__WORK TO BE COMPLETED__:
Every line from the one with "タッチパネル操作ができないビデオカメラ JVC Everio GZ-E265" through the end of the material below, both ends included, should be transcribed exactly, without pictures.

__INFORMATION SUPPLIED__:
□ □ □
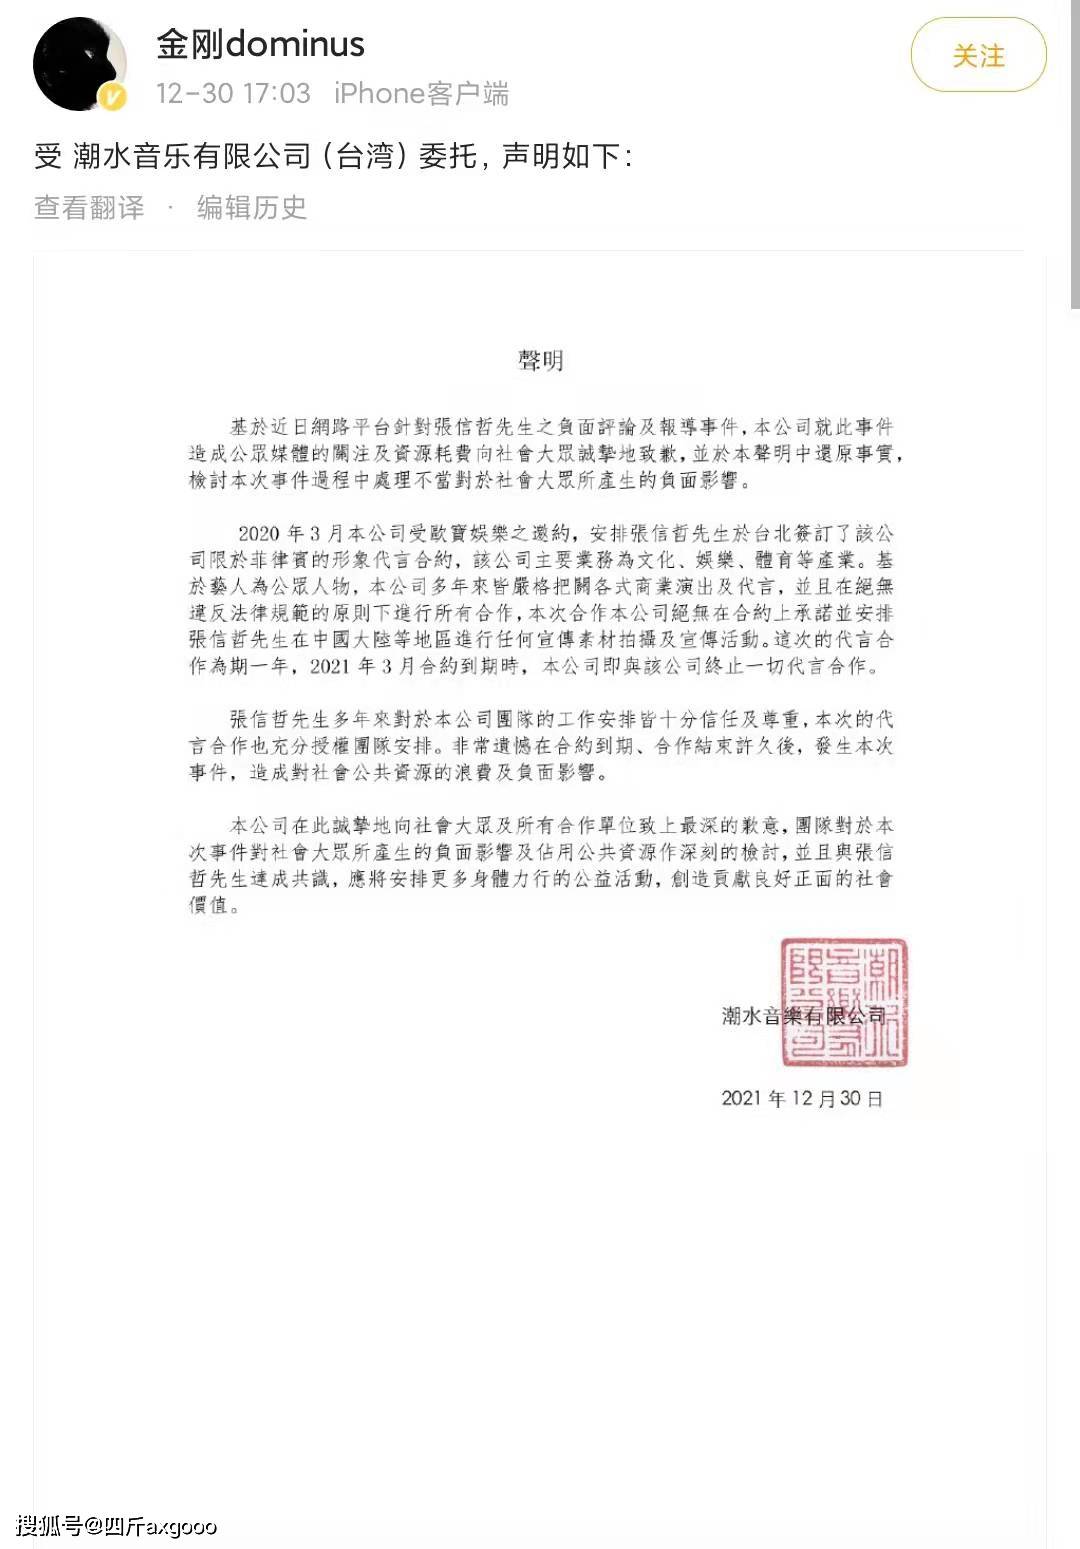 刘强东发声明道歉 刘强东前妻身份背景遭扒
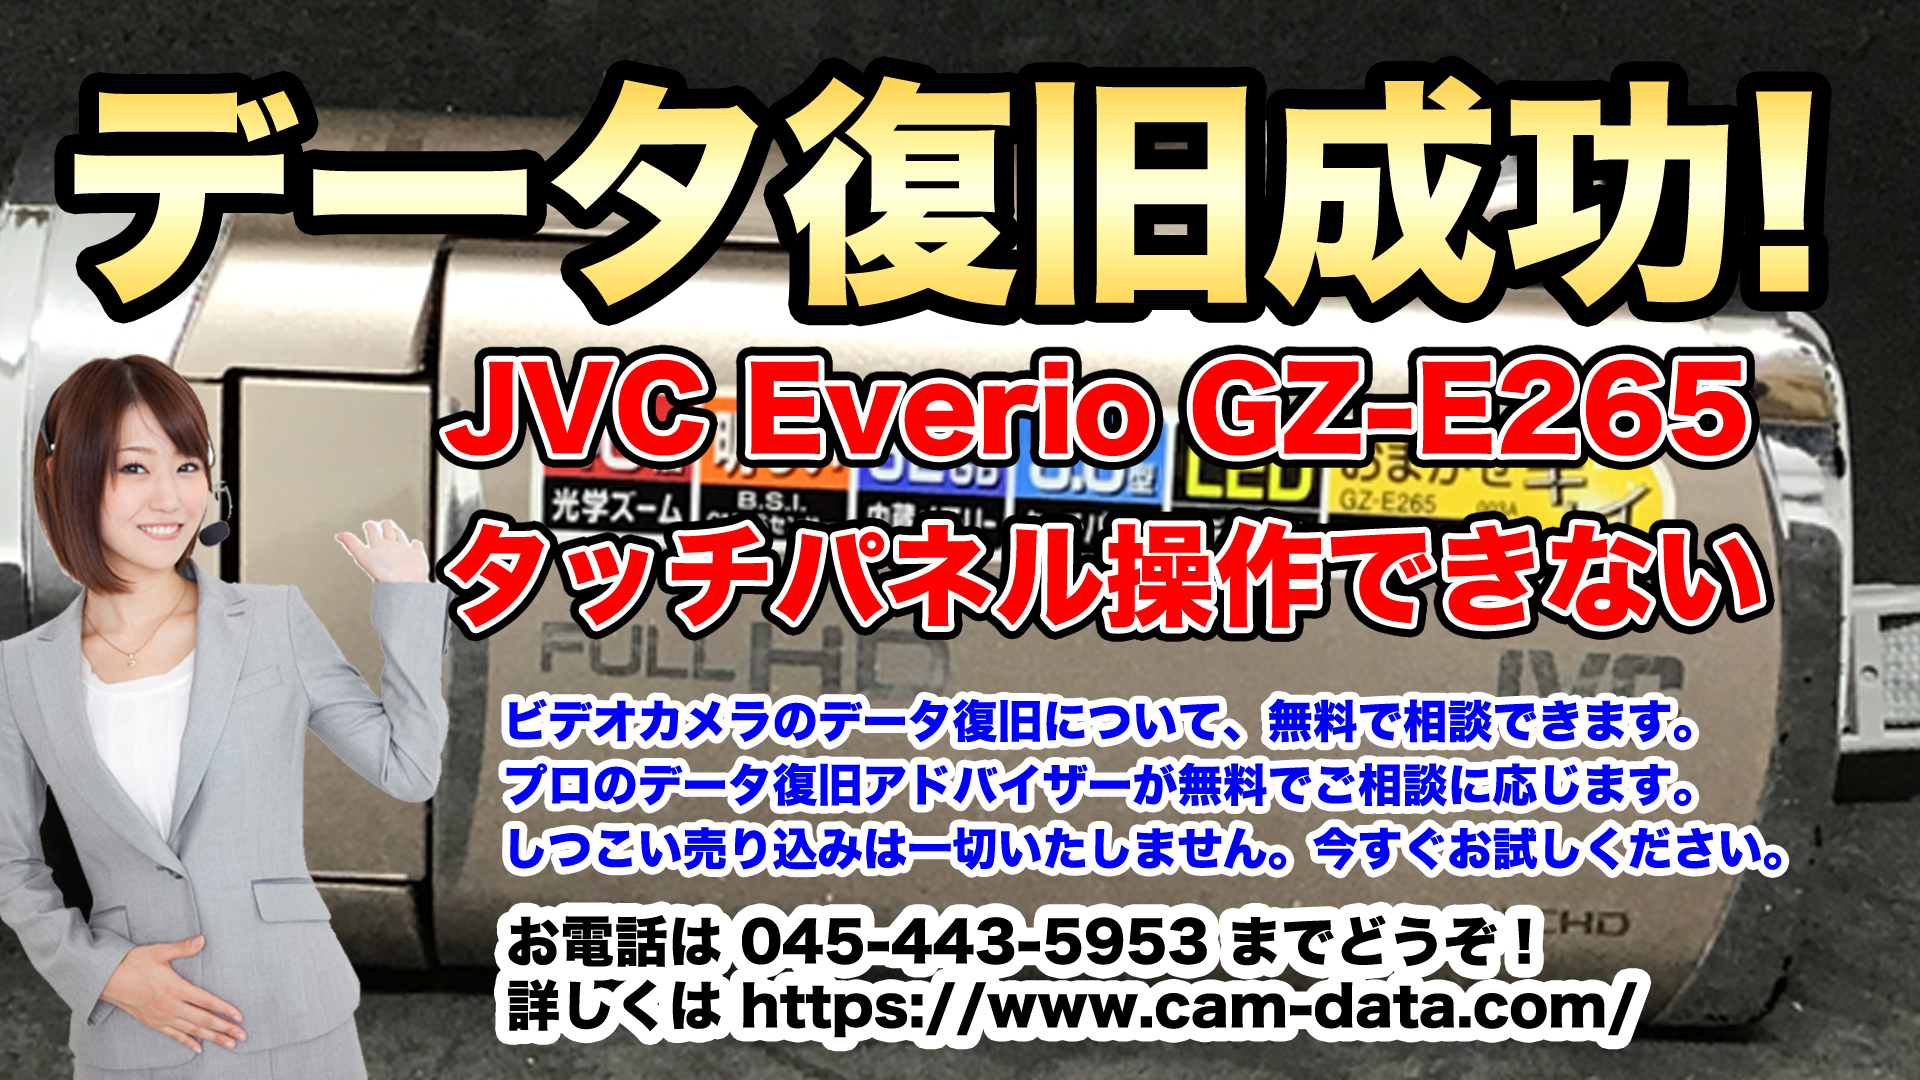 タッチパネル操作ができないビデオカメラ JVC Everio GZ-E265
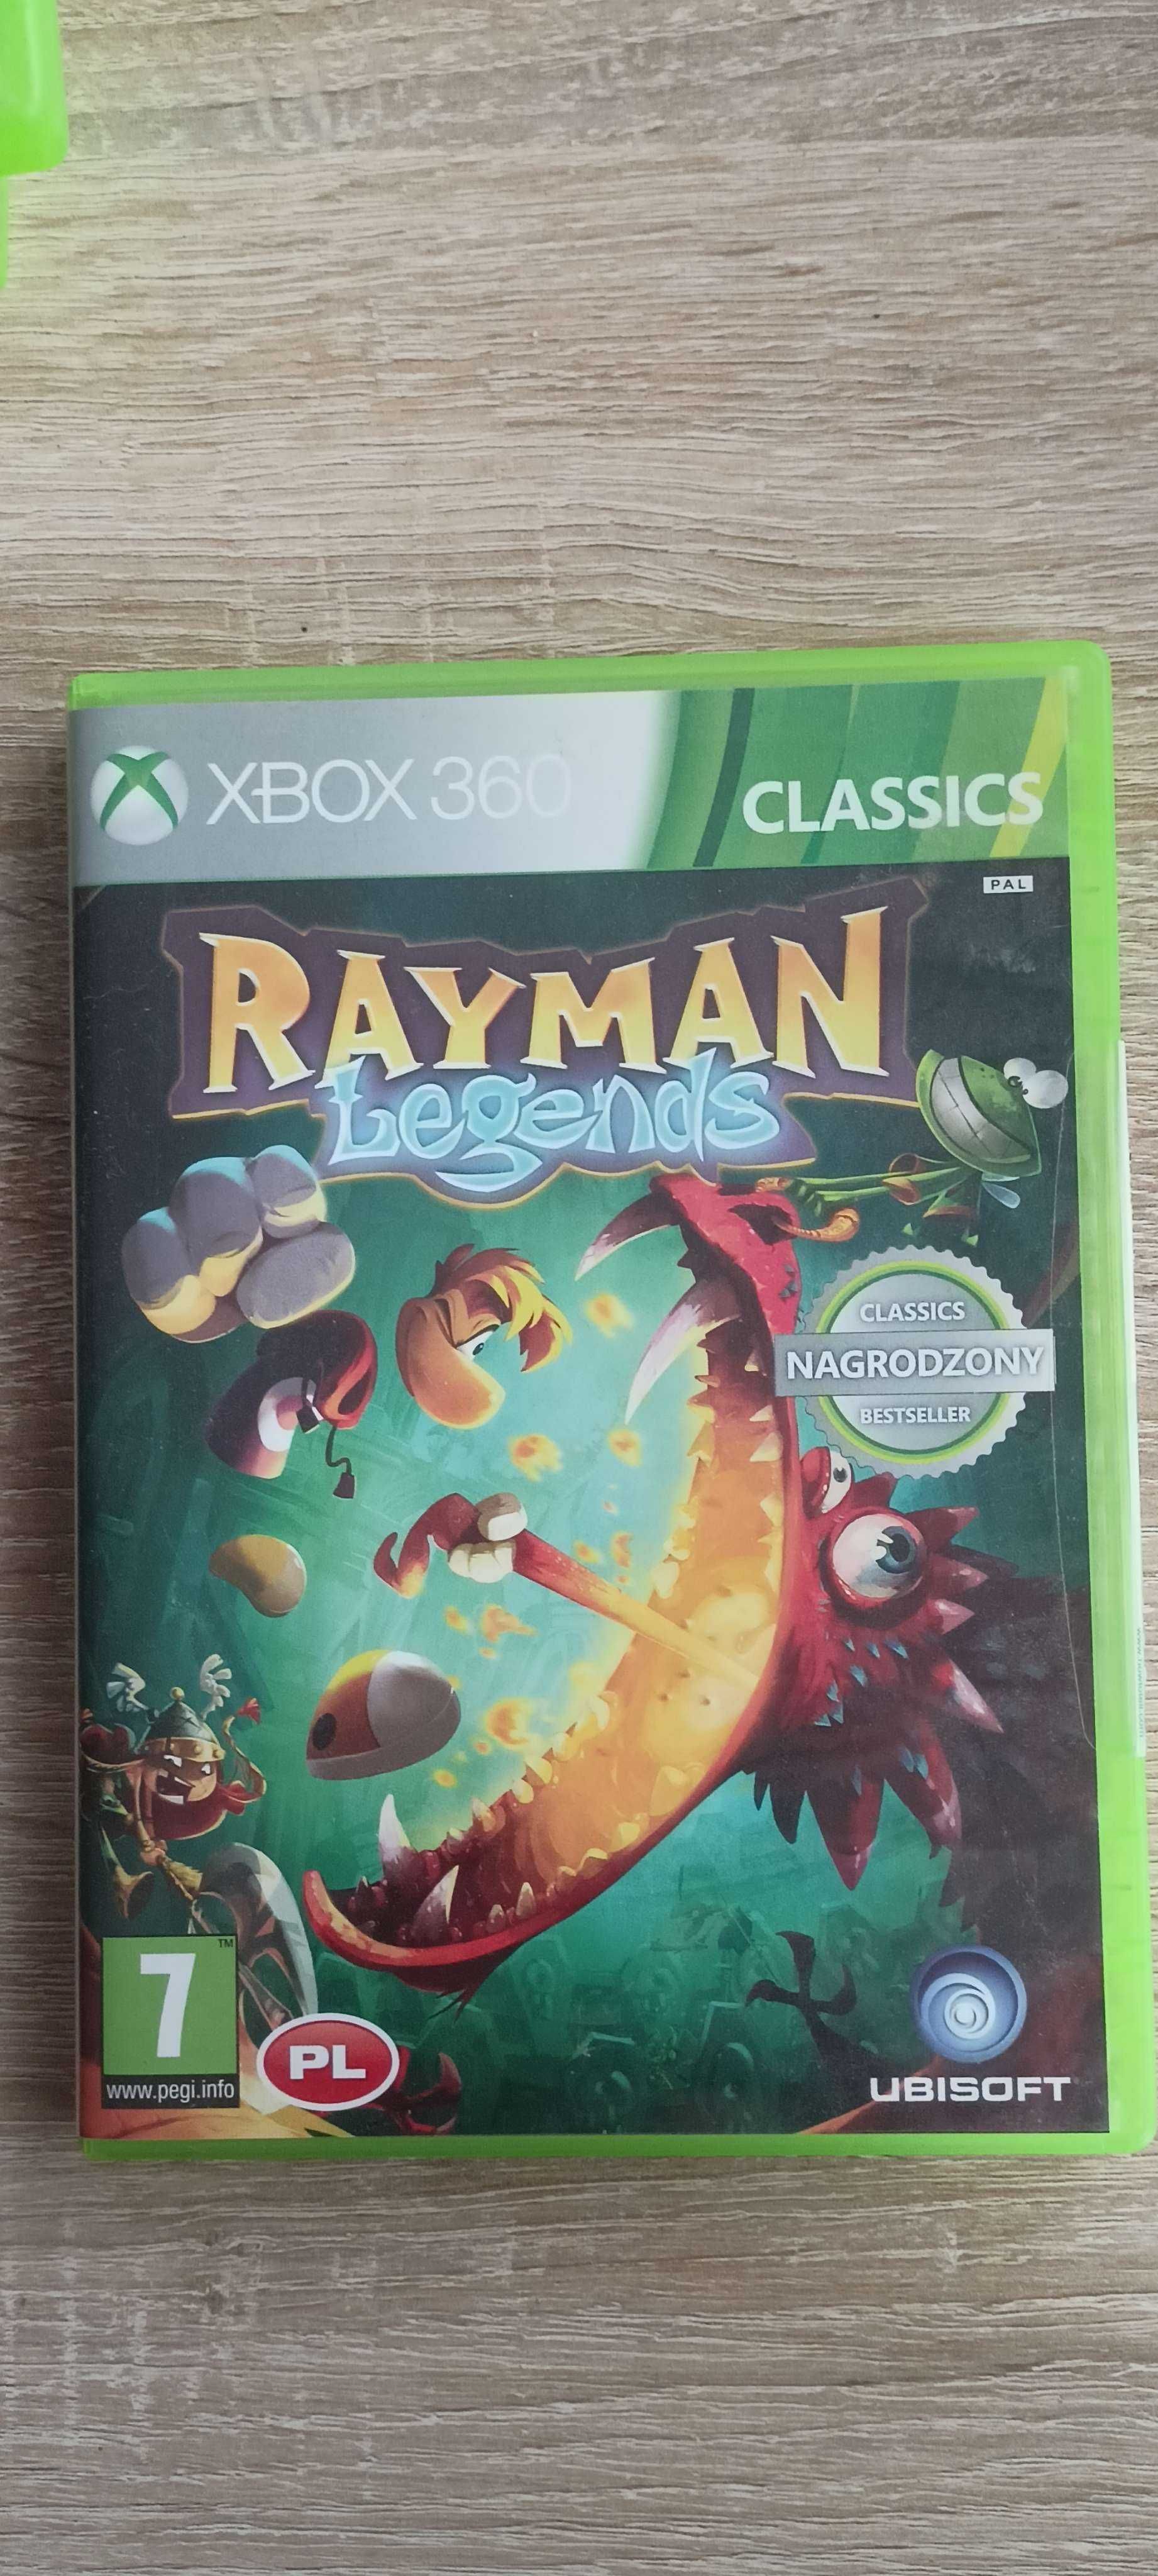 Gry XBOX 360 Gta, Rayman, Minecraft. Pojedyncze egzemplarze i zestaw
□ □ □
__THE ANSWER__:
 タッチパネル操作ができないビデオカメラ JVC Everio GZ-E265
 Gry XBOX 360 Gta, Rayman, Minecraft. Pojedyncze egzemplarze i zestaw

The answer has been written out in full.